Она царапалась и рычала, как дикая кошка, а я, не замечая этого, схватил её за плечи и встряхнул:
— Будешь ещё век меряться, кто из вас более упёртый? Обломайся, старуха тебя всё равно уделает! У неё опыта больше!
— Ты просто плохо меня знаешь!
— Я отлично тебя знаю! И ещё знаю, что тебя убьют, если не сбежишь из Холмищ!
Она дёрнулась, пытаясь вырваться, но я не пустил. Ох и допрошусь!
На смуглых щеках проступил узор — что кольца на срубленном дереве. Витиеватый, завораживающий… Но узор этот предвещал беду: ведунка сама не понимала, насколько сильнее становилась в такие мгновения! Не удержалась и теперь — я локтем вытер кровь из носа. Всё-таки одарила меня сглазом!
— В отличие от тебя, я от неприятностей не бегу!
— Да, не бежишь! — кровь не желала останавливаться, затекала в рот, а Варна всё так же ненавистно зыркала, усиливая её поток. — Ты от них прячешься, как малое дитя под одеялом! И что, сильно тебе одеяло поможет, когда явятся злые дядьки с мечами?!
— Дитя?! — она куснула меня за плечо, лишь подтверждая, как неразумна. Я зашипел, заломил ей руку и поймал затылок ладонью, едва сдерживаясь, чтобы не намотать на кулак косу. Эх, жаль, ведунка её обрезала! Как бы пригодилась! — Да я старше твоей бабушки!
— Ой, и правда! Ошибся я! Не как дитя себя ведёшь, а как невыносимая старуха!
— Да! Потому что я старуха и есть!
Отпустив её руки, я поймал в ладони лицо, не обращая внимания на тут же последовавшие удары. Заглянул в тёмные глаза проникновенно, пытаясь донести, что не унизить, не переупрямить пытаюсь, а спасти:
— Ты столько лет прожила на свете, ведунка, но так и не научилась жить. Я предлагаю тебе эту жизнь! Хотя бы попробовать, отпить самую малость. Не понравится — вернёшься. Позже, когда опасность минует. Не силой же я тебя держать стану!

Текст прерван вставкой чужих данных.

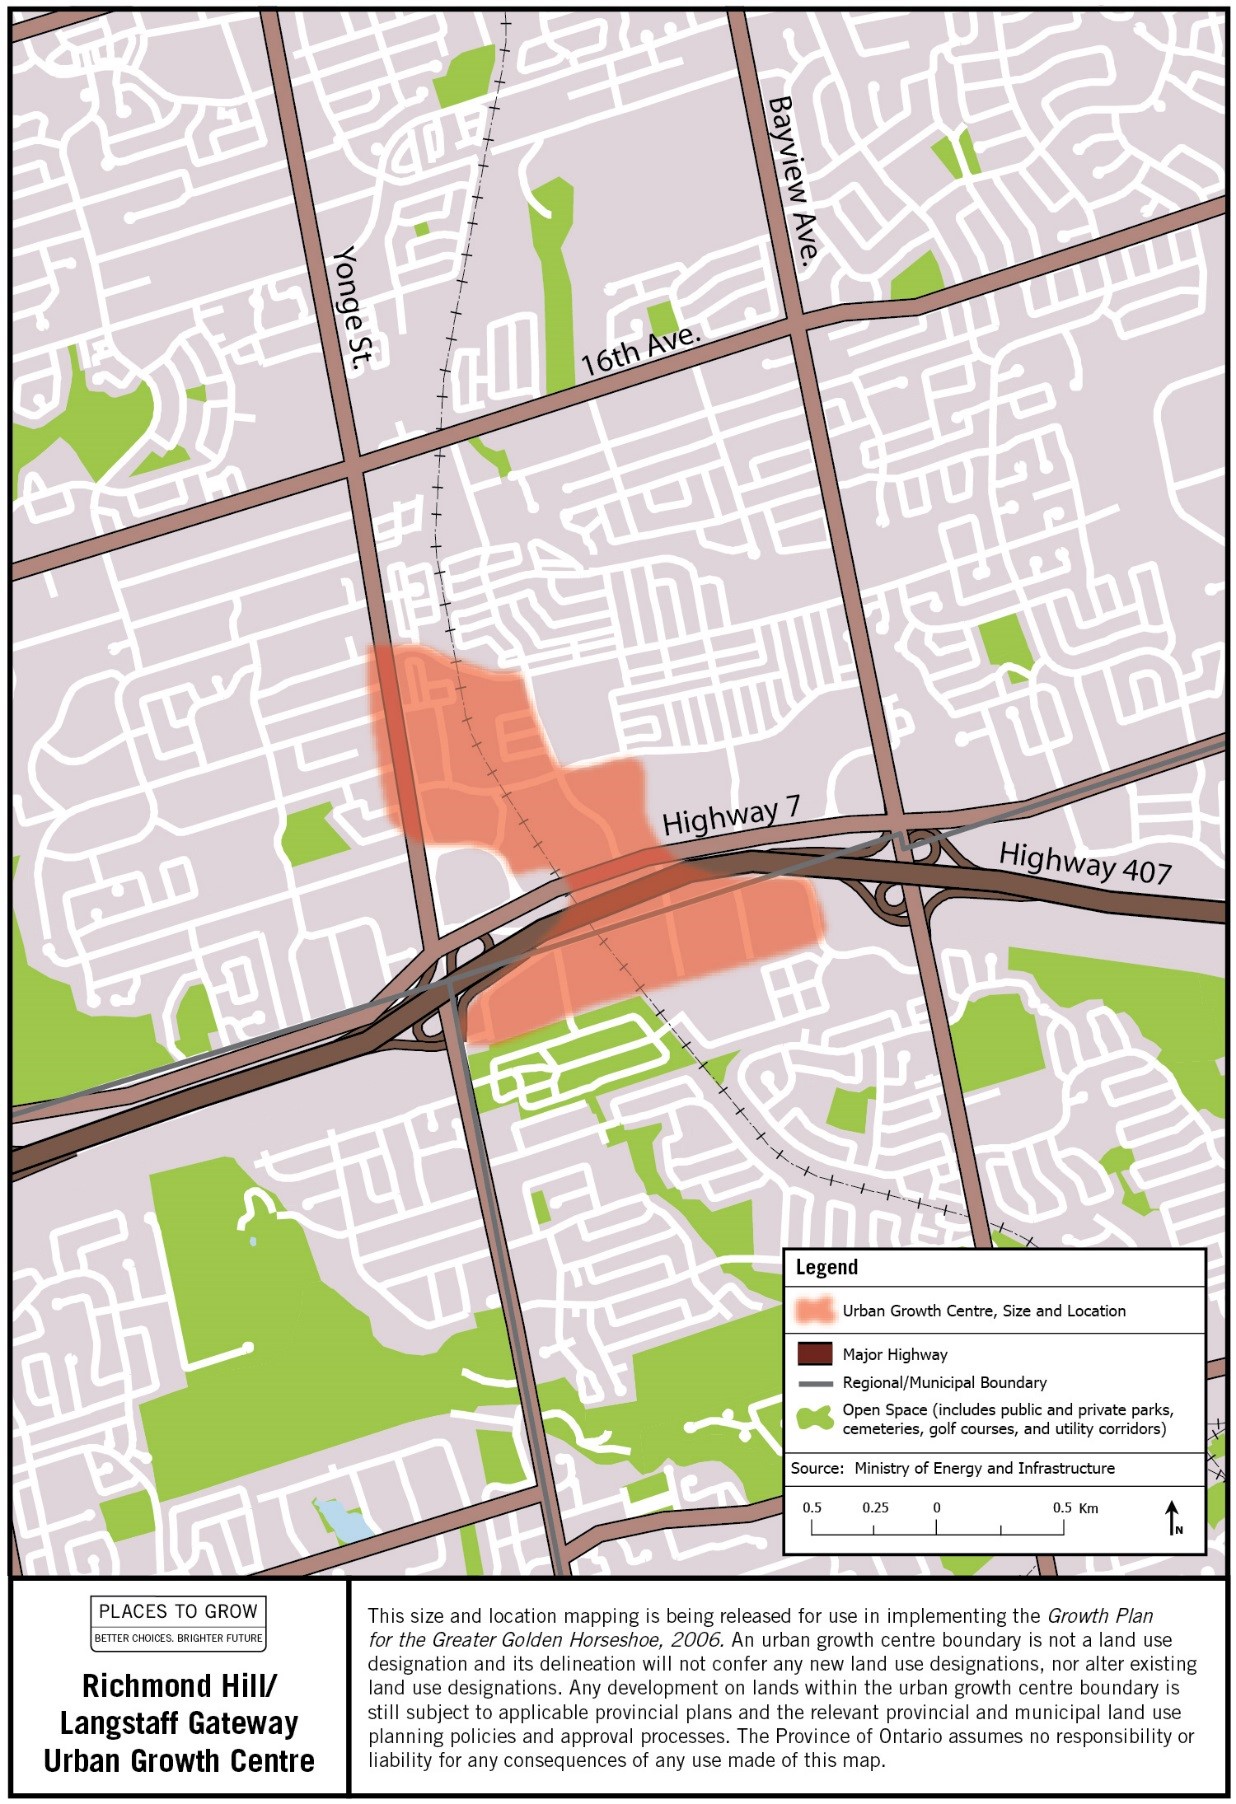 Map of the approximate size and location of the Richmond Hill/Langstaff Gateway Urban Growth Centre in the vicinity of Highway 7 between Yonge Street and Bayview Avenue.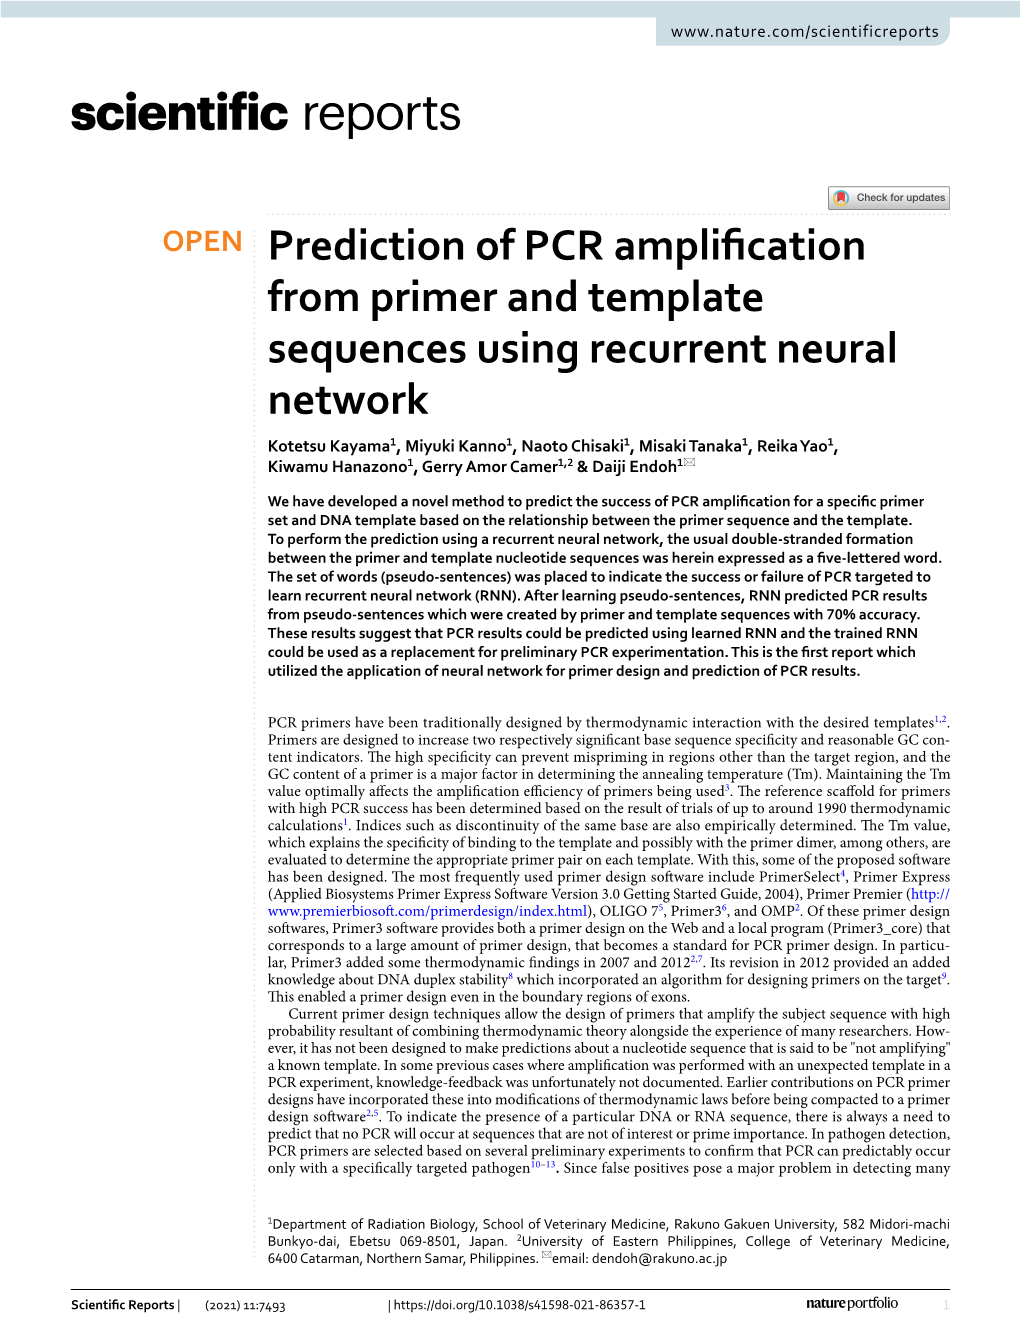 Prediction of PCR Amplification from Primer and Template Sequences

— Угу, и сейчас ты тоже не силой меня держишь! — саркастично рявкнула она, пиная в пах. Я увернулся, перехватил её колено: женщины коварны, но коварство их весьма однообразно.
— Прекрати! Ведунка! Подумай хоть раз! Ты не ловишь веселье, а смотришь из окна, как оно проходит мимо. Не присоединяешься к игре, а сварливо гонишь со двора шумных детей, хотя на деле больше всего на свете хочешь оказаться среди них!
— Неправда! — она пихнула меня ещё раз. Слабее, чем могла бы, больше выплёскивая собственную боль, чем пытаясь причинить её мне. — Я… я не могу оказаться там, снаружи! Потому что слишком стара для всего этого, потому что разучилась веселиться, потому что рано или поздно… все дети разойдутся по домам. Навсегда. А я снова останусь одна! И потому что… дверь давно заперта, понимаешь?
— Так кто её запер?! Уж не ты ли?
Я пригладил её встопорщенные волосы, поднял бессильно обвисшие холодные руки и положил себе на плечи, прижал, делясь теплом, коснулся губами напряжённой жилки на шее и, не в силах остановиться, обхватил губами губы.
— Что ты делаешь?
Я смог ответить хриплым невнятным шёпотом, боясь спугнуть мгновение:
— Отпираю двери…
Полевые цветы всегда горчат. Пахнут ветром, колятся и невыносимо, болезненно царапают кожу. Но почуяв их запах однажды, уже никогда не сможешь наслаждаться фальшивым ароматом садовых роз.